After reading Ashton Crawley’s “Held in the Vestibule,” I told myself, Self, you need to go meet with some professors to figure out what this human is doing so you know how to find more of it. This is as precise as I can be about what’s happening here: He weaves together an economic understanding of the Body–which bodies, what they’re good for, what they are wonderfully “useless” for, how they can be a living rejection of capitalism–with theologically informed takes on the connective tissue between blackpentecostalism and blackqueerness, namely a flagrant, exultant embrace of excess, the fully fleshed body, and the kind of performance you can lose yourself in.
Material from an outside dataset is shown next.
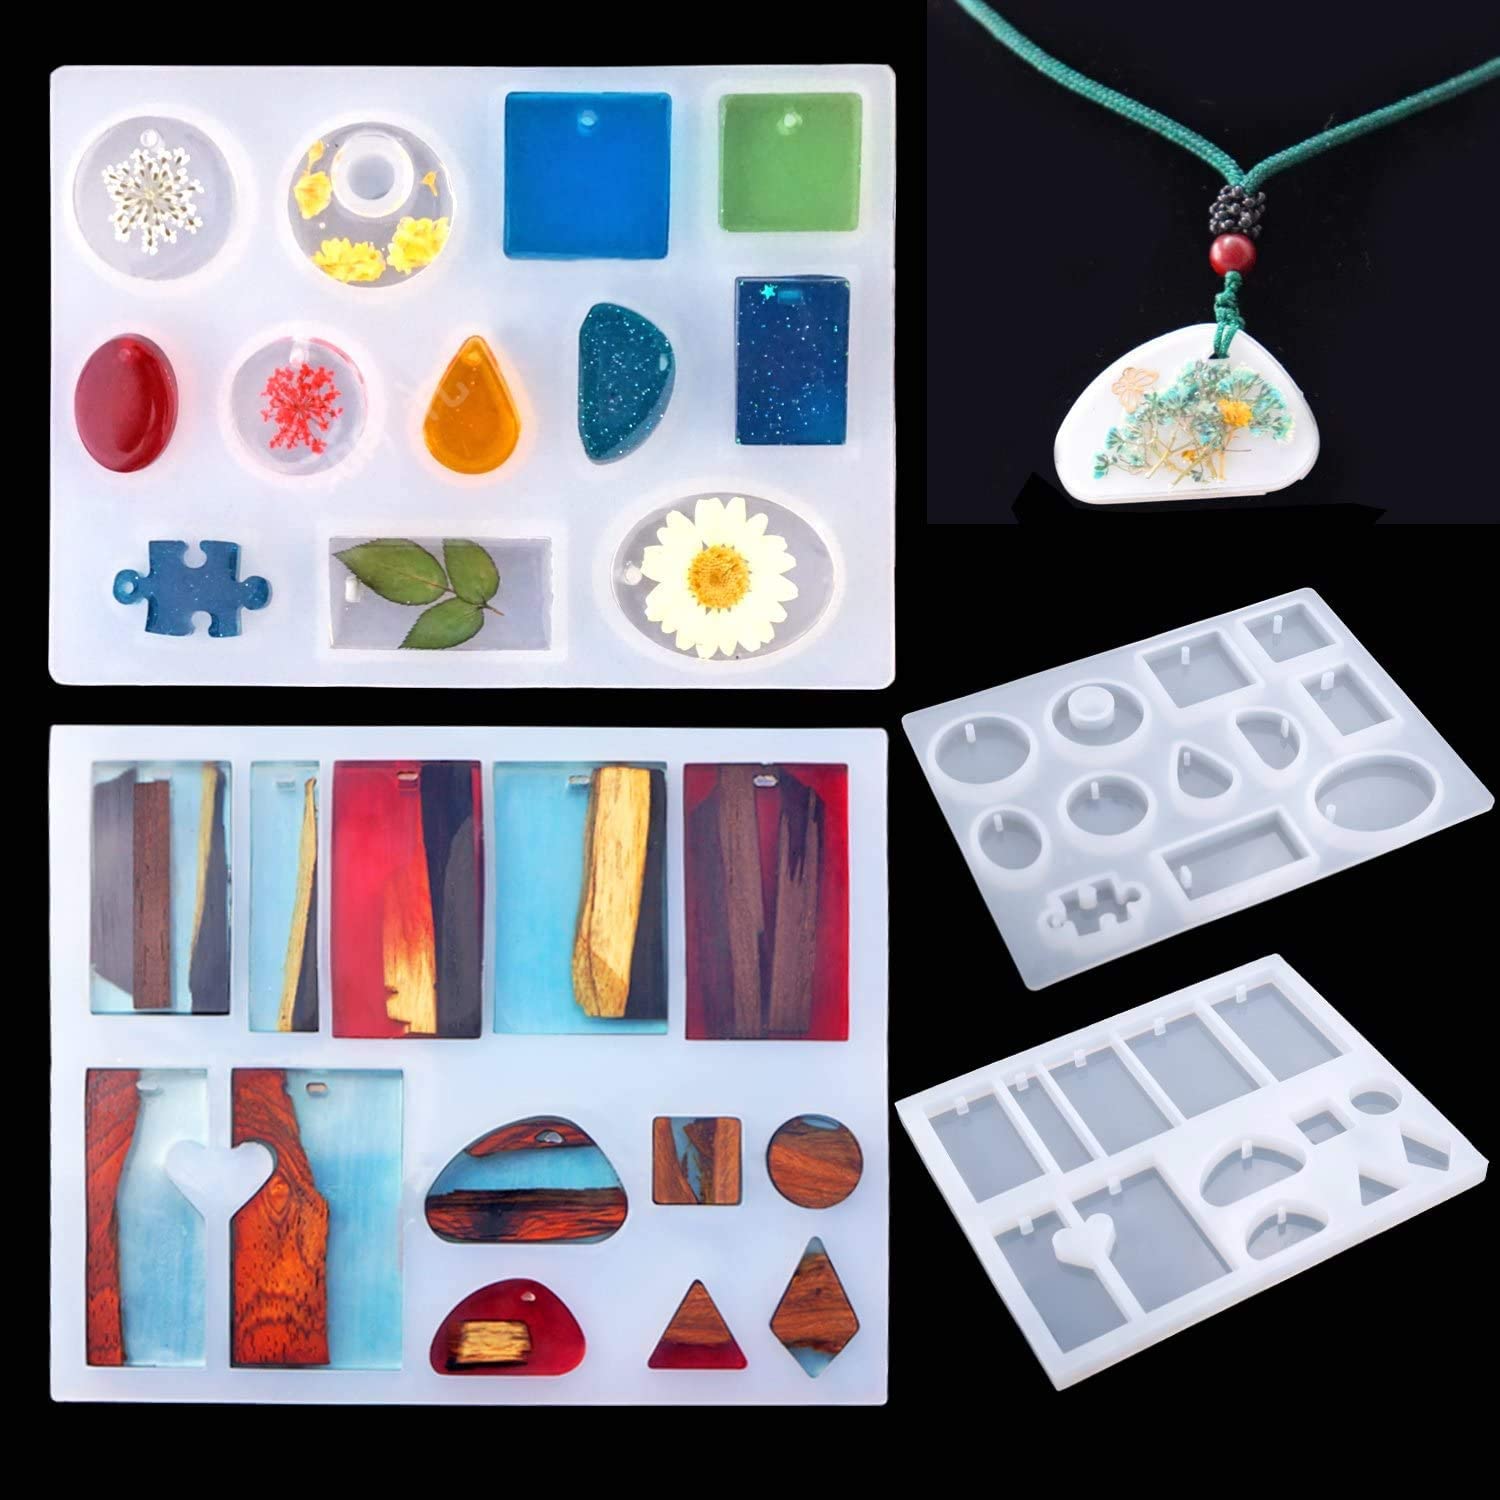 83 Pieces Silicone Casting Resin Jewelry Molds and Tools Set with A Black  Storage Bag for DIY Jewelry Resin Craft Making 
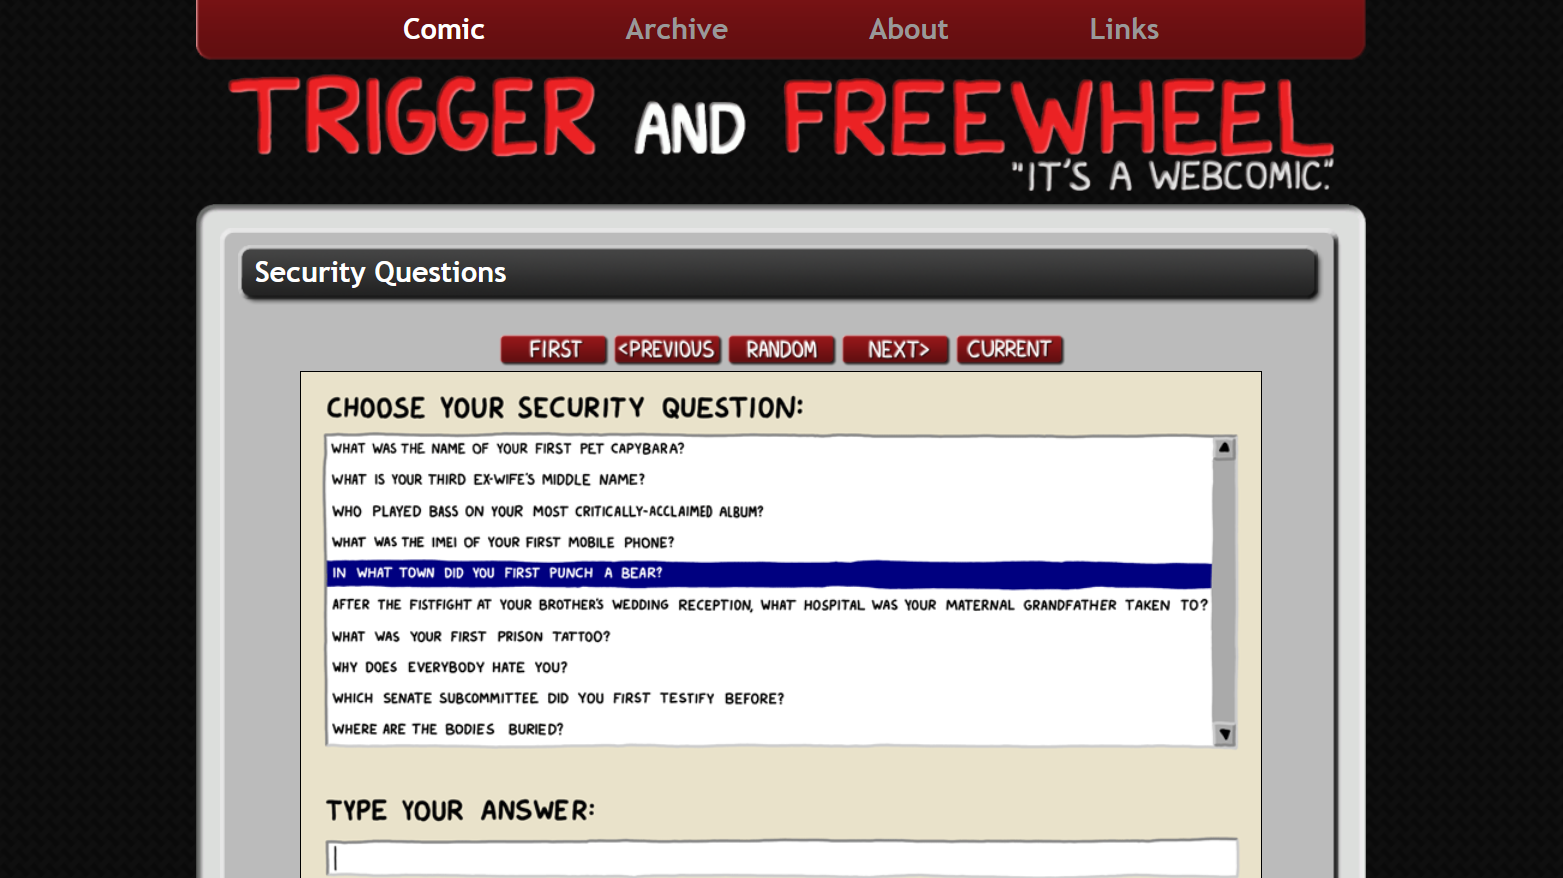 Trigger and Freewheel, "Security Questions" from November 5, 2012

I am reminded in the recesses of my queer little heart that what I most deeply desire is perfectly aligned with my fullest self-expression. Needs and wants are not so different in the queer, queer heart when the world anathematizes my desire, for my self, for my body, for other. But let’s not overaggregate our data here. I want to appreciate the very specifically Blackqueer context, audience, and authorship at the center of this paper, with this great line: “…to riff on Hortense Spillers, that if the black church did not have us, we would have to be invented.”

The world will not be all right without queerness. Both for the fact of us and what it means when the world tries to scrub queerness from its face. And blackqueerness offers something singular because of its convergence of identities that share in exile, non-normativity, strangeness…two ways of being set against the world by the world and yet they “mutually constitute” in an “affectional set of intensities.” Double self-love in the face of impossibility is maximum combustion.

Crawley offers an invitation, I think, for everyone to participate at some level: “To practice directing as excess is to attempt to approach radical humility. It feels like a lot to relinquish manhood and masculinity for the joy of the unknown.”

Racialization and capitalism are working double time, in an ensemble, to deny the value of the economic zero of flamboyance. Crawley, with the work of Sylvia Wynter, offers an antidote in the form of Ceremony, based in queerspace and queertime, that rejects hierarchy and the impulse to purify and taxonomize.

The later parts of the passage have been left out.